隔了半晌,琴台鹤终于忍不住问道:“多的话就不用再说了,我……我这次来,只是想知道我父亲还有没有什么亲人,我想见见他们。”
妇人停顿了一下,脸上的笑意浅了一些,“我知道,好孩子,刚才前面一通报,我就知道是你回来了,这么多年,琴台家流落在外的孩子只有你一个。”
她叹了口气,“你爷爷去了以后,咱们家在族内的地位一天不如一天,二奶奶没本事接你回来,你可别怪二奶奶。”
琴台鹤张了张嘴,有点叫不出那个称呼,最后还是道:“除了您以外,我父亲没有其他亲人了吗?”

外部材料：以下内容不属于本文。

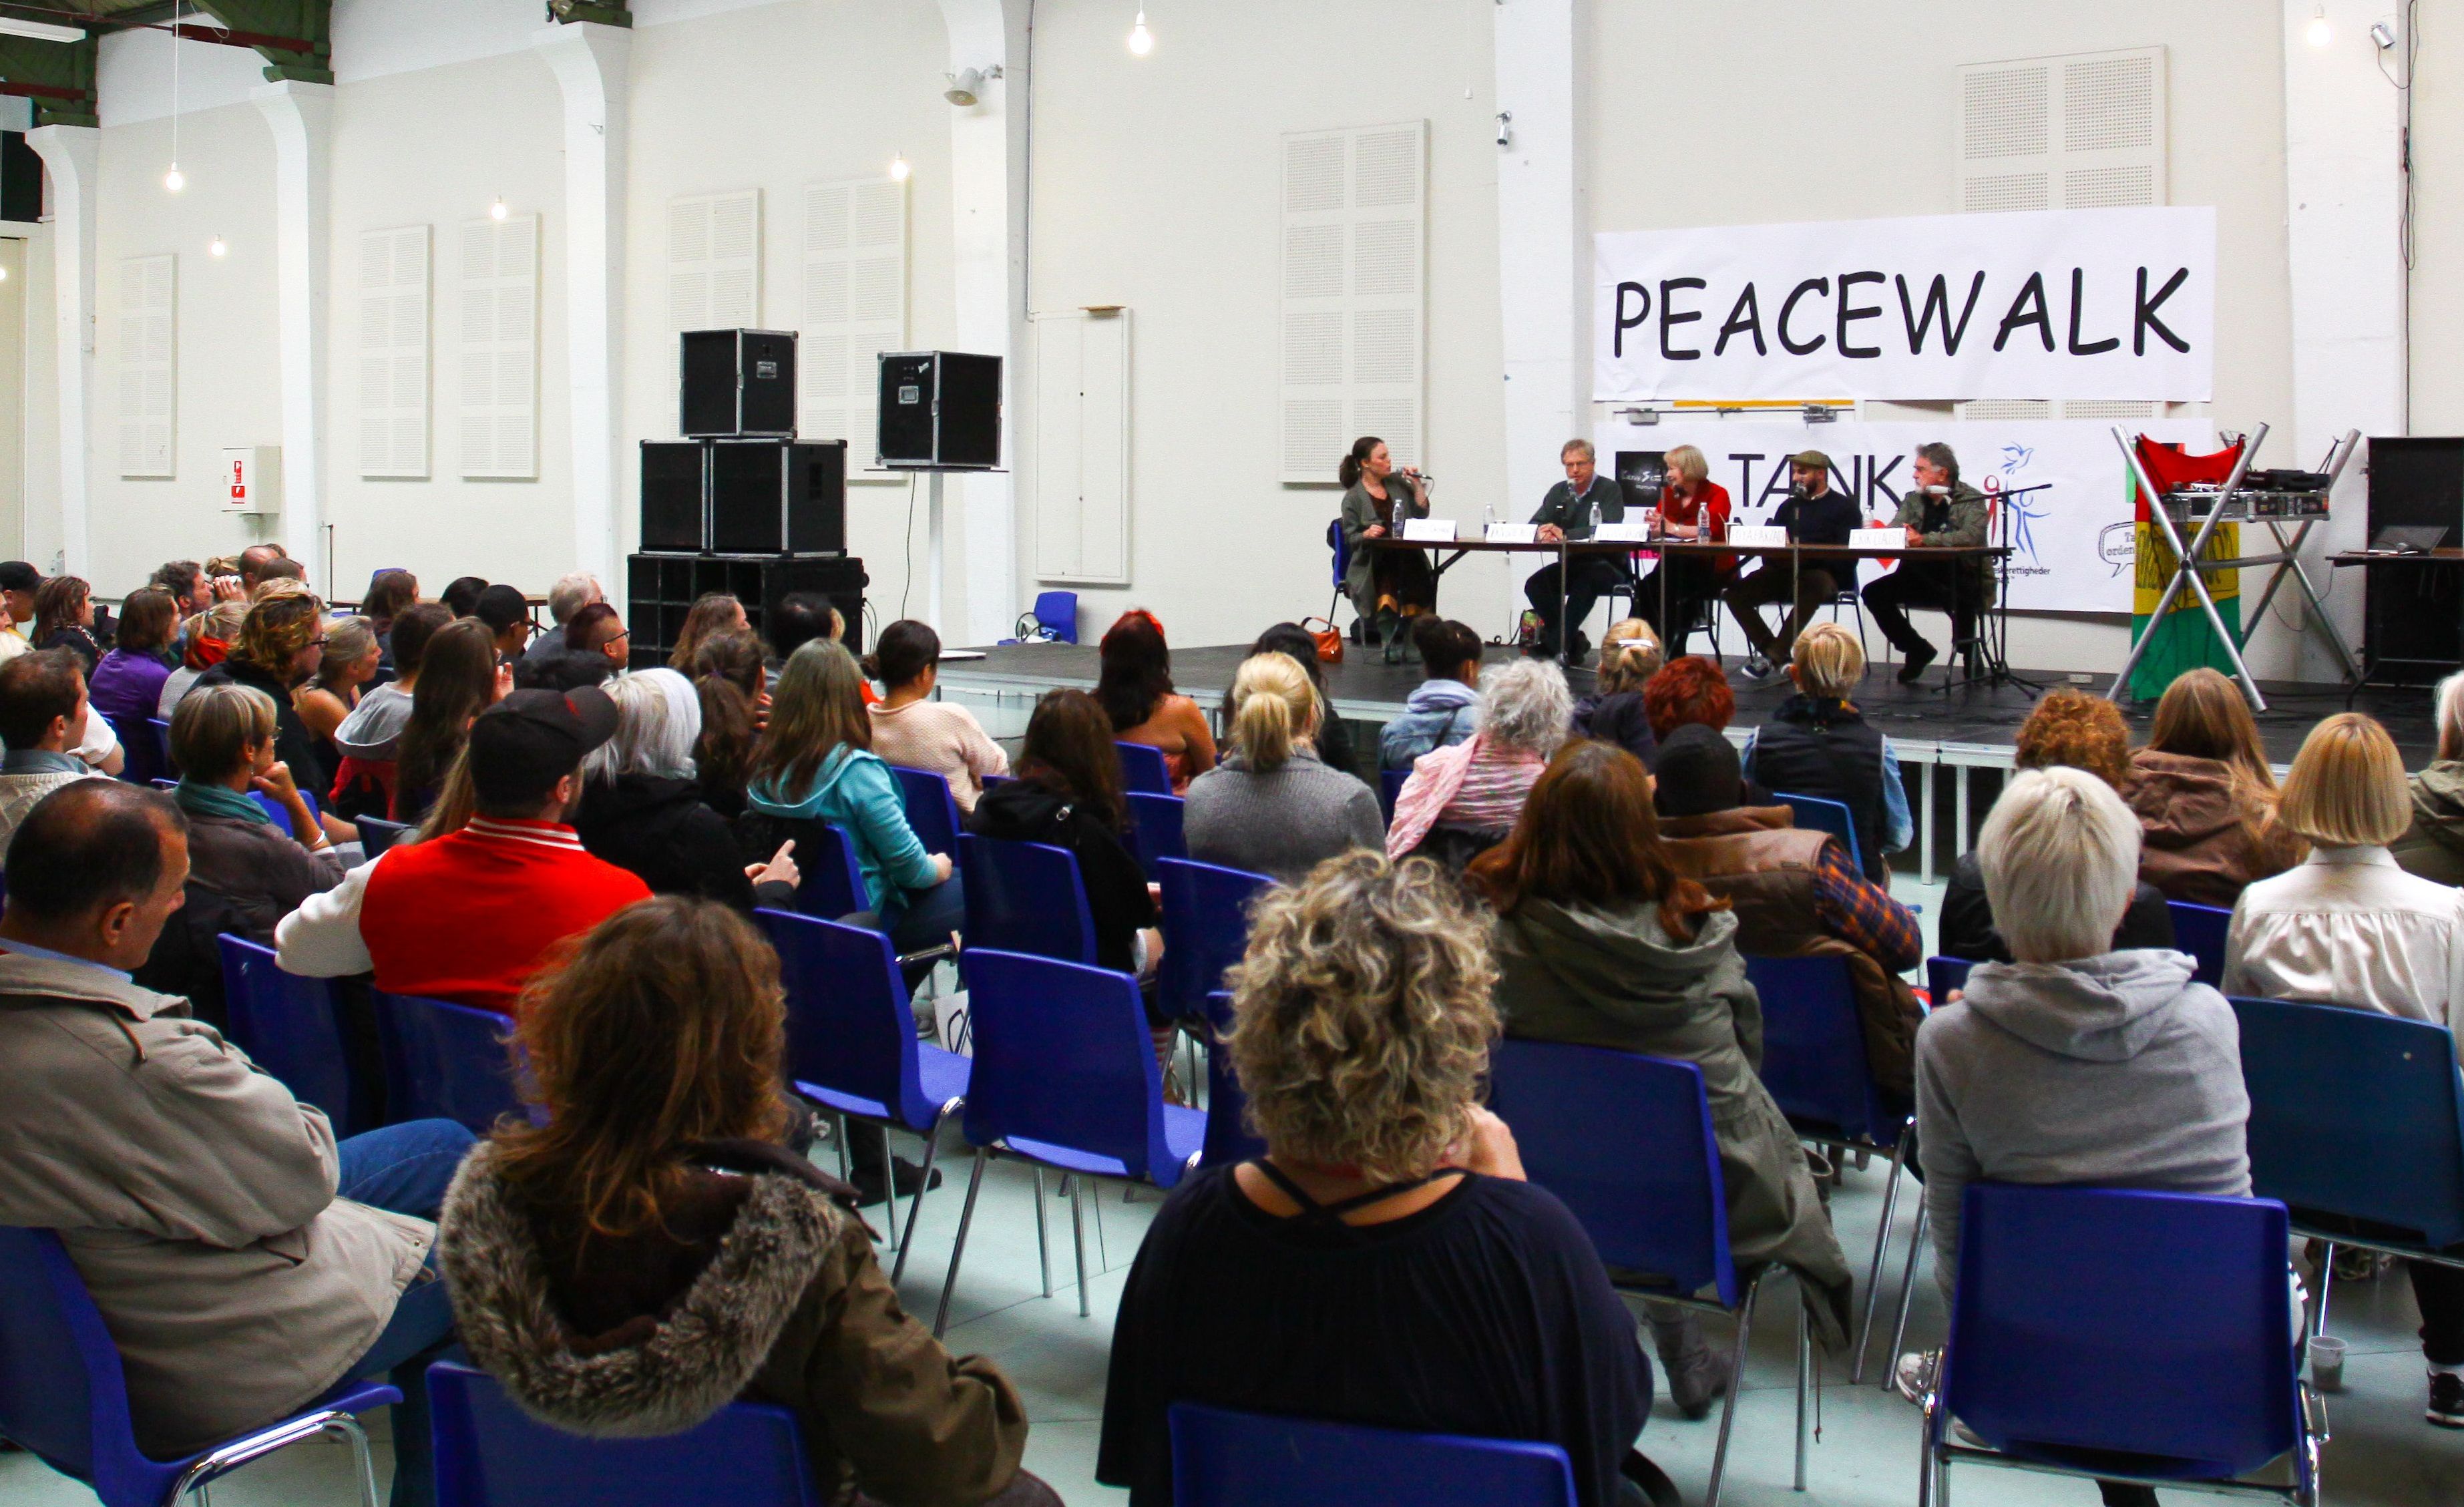 A peace rally at the public culture and sports hall in Nørrebro at the end of PeaceWalk September 21, 2013, on International Day of Peace, included performance and a panel discussion on peace.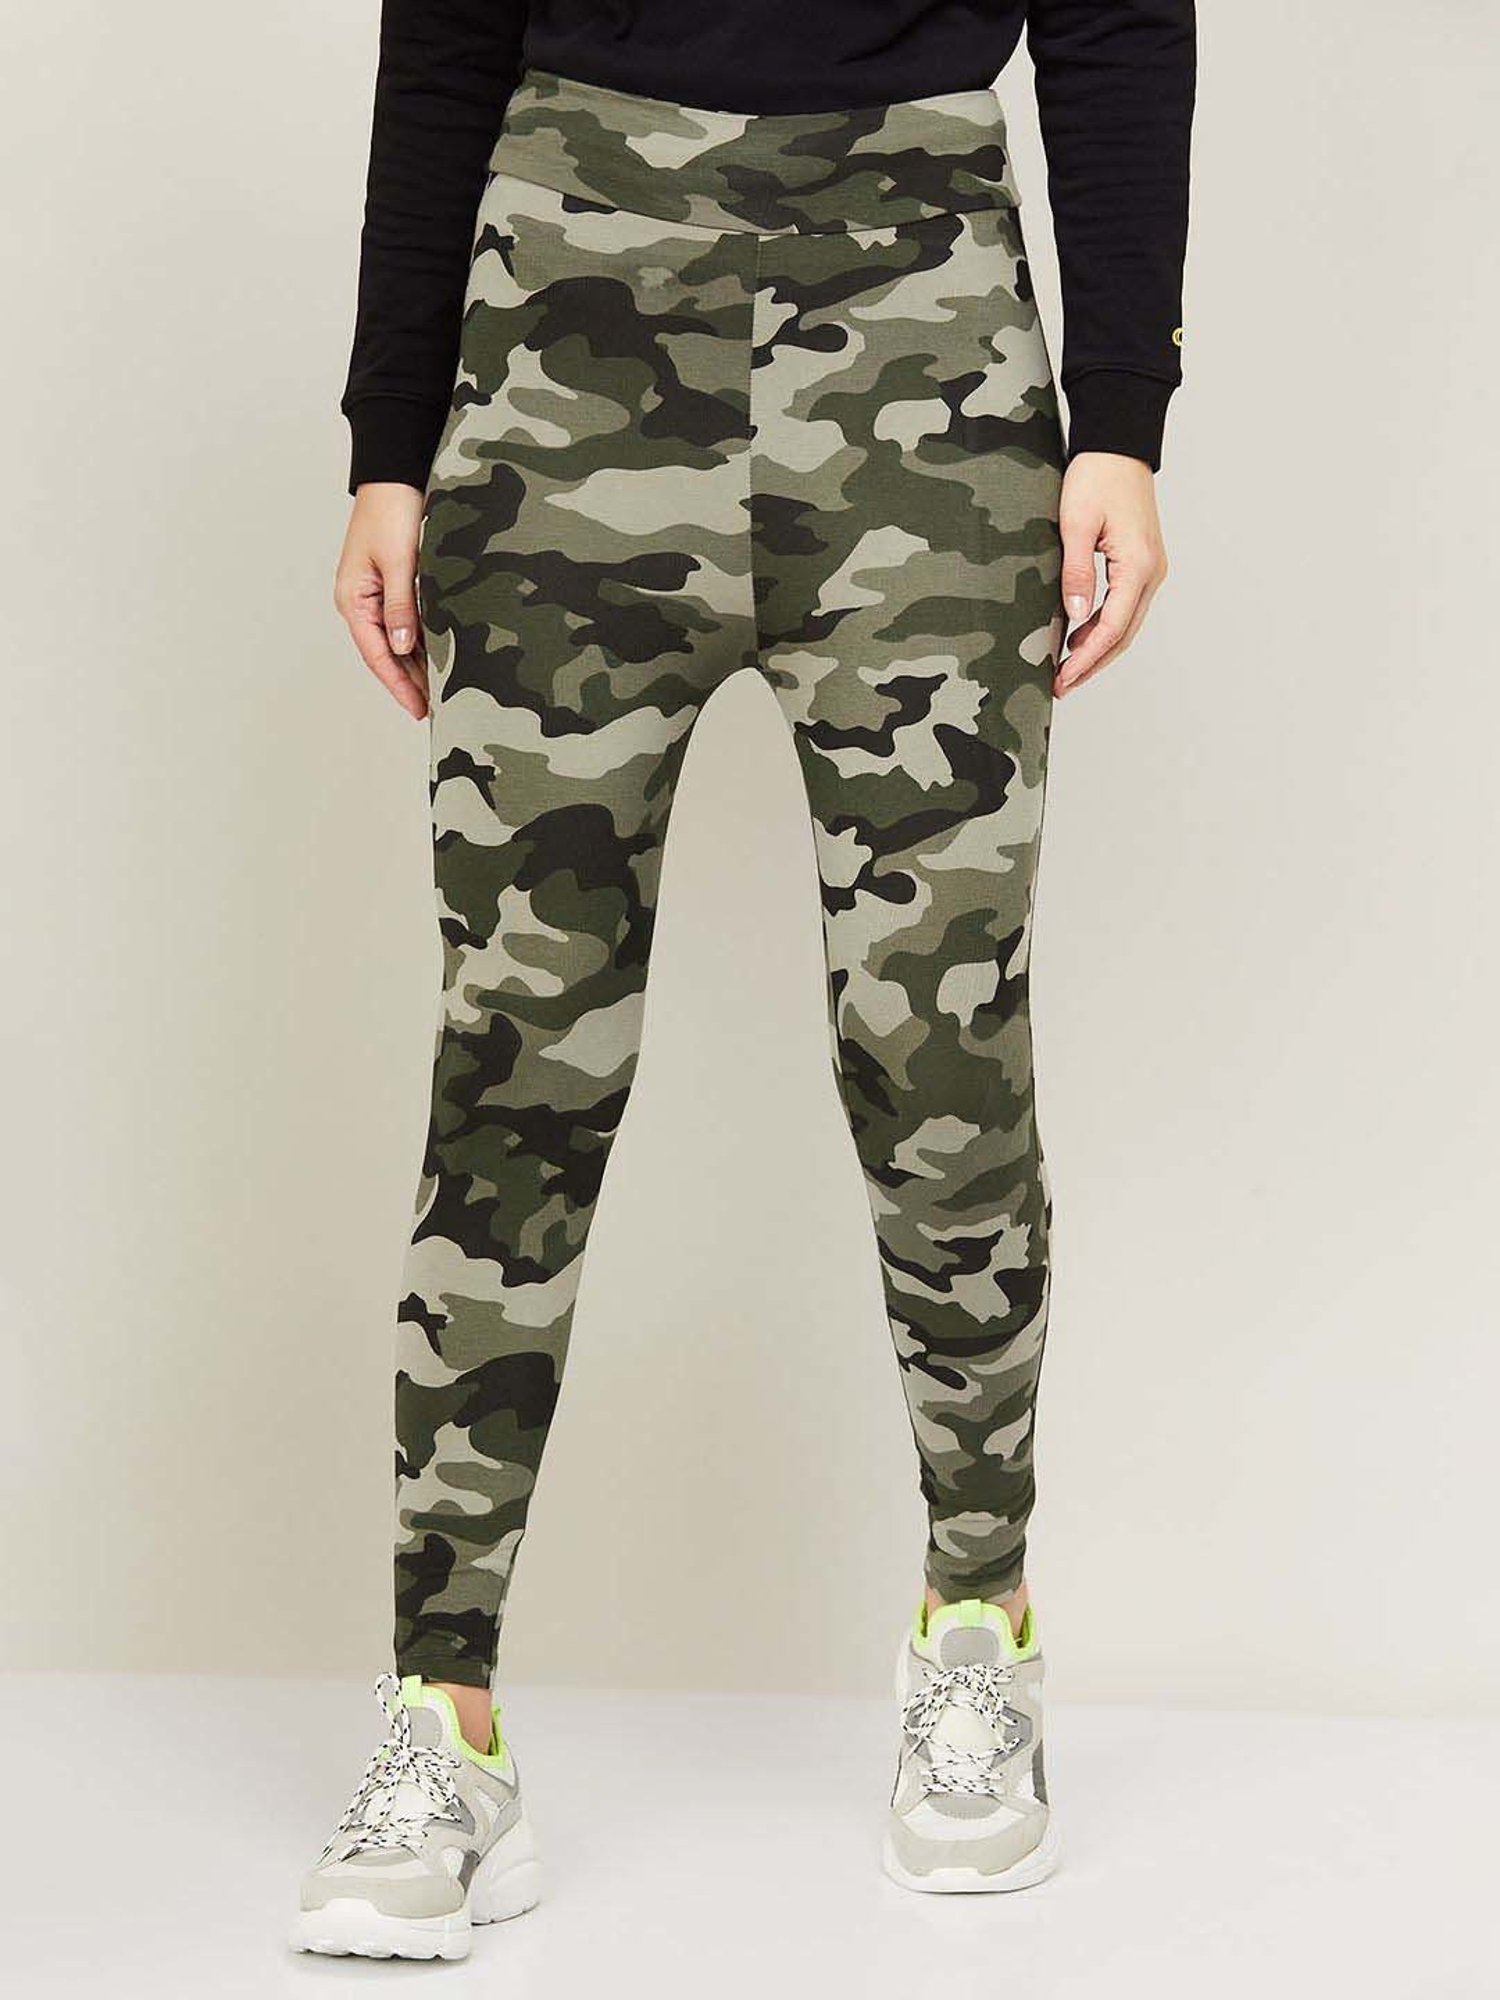 NOBERO Women's Navy Camouflage Sports Lowers | Joggers for Active Lifestyle  | Soft Feel Track Pant for Women - S : Amazon.in: Fashion

妇人抹了抹眼角沁出的一滴泪,笑道:“有,你还有一个亲伯伯,一个亲姑姑,你姑姑嫁到宋家去了,等我给她传讯,让她明日回来看看你,你伯伯资质不佳,如今在族长手底下帮着打理产业,晚上才会回来。”
阮幸撇了撇嘴,这妇人的演技实在不怎么样,且心态上多流露出的还是凡人思维模式,只这几句,她便能断定对方说的是假话。
琴台鹤的父亲都能给儿子养白狼了,他家底能不厚实吗?如果他不是从小养尊处优,哪会有这种想法?
就算琴台鹤的爷爷死了,家里败落了,也不可能只给中州送了几千灵石的抚养费。
且派个人来接琴台鹤,传送阵来回的车票也不过几千灵石。
她不是没本事接,而是不想接,此刻对于琴台鹤的关心,也只是流于表面,只顾着自己,丝毫不体谅琴台鹤面对陌生人时的手足无措和尴尬。
而琴台鹤好像根本没看出来,他只是觉得这个‘亲人’有点不符合他对于西州的想象。
在他心里,父亲的形象是伟岸高大的,父亲所在的家族,也是强大和荣耀。
怎么会……是这种结果,他有点接受不了这种心理落差。
阮幸想了想,还是没有拆穿,毕竟刚来,还不清楚情况,如果琴台鹤家里只剩这么一个妇人和她形容的姑伯,估计琴台鹤宁愿去南州送死。
但是她还没找到有什么好处可捞呢……还是再看看吧。
她不着痕迹的拍了拍琴台鹤的手安抚了一下。
妇人问了半天,似乎终于满足了对琴台鹤中州生活的好奇心,施施然道:“我叫仆役给你们打扫了房间,晚上来这里陪二奶奶一起吃饭吧,正好也跟你伯伯亲近亲近。”
琴台鹤沉闷的应了声好,然后妇人便叫来了仆役给他们带路。
那仆役只是凡人,琴台鹤迫不及待的用了个小术法隔绝了除两人之外的声音。
“师妹,说不上来为什么,我觉得这里很压抑,我不喜欢这里。”琴台鹤对阮幸道。
“我也觉得。”阮幸摸了摸下巴,“要不咱走?”
他呼出一口浊气,“明天走吧,等我见过伯伯和姑姑以后。”
“也行,不过,师兄,我总觉得她在骗你。”
琴台鹤脚步顿了一下,疑惑的歪头,“怎么说?”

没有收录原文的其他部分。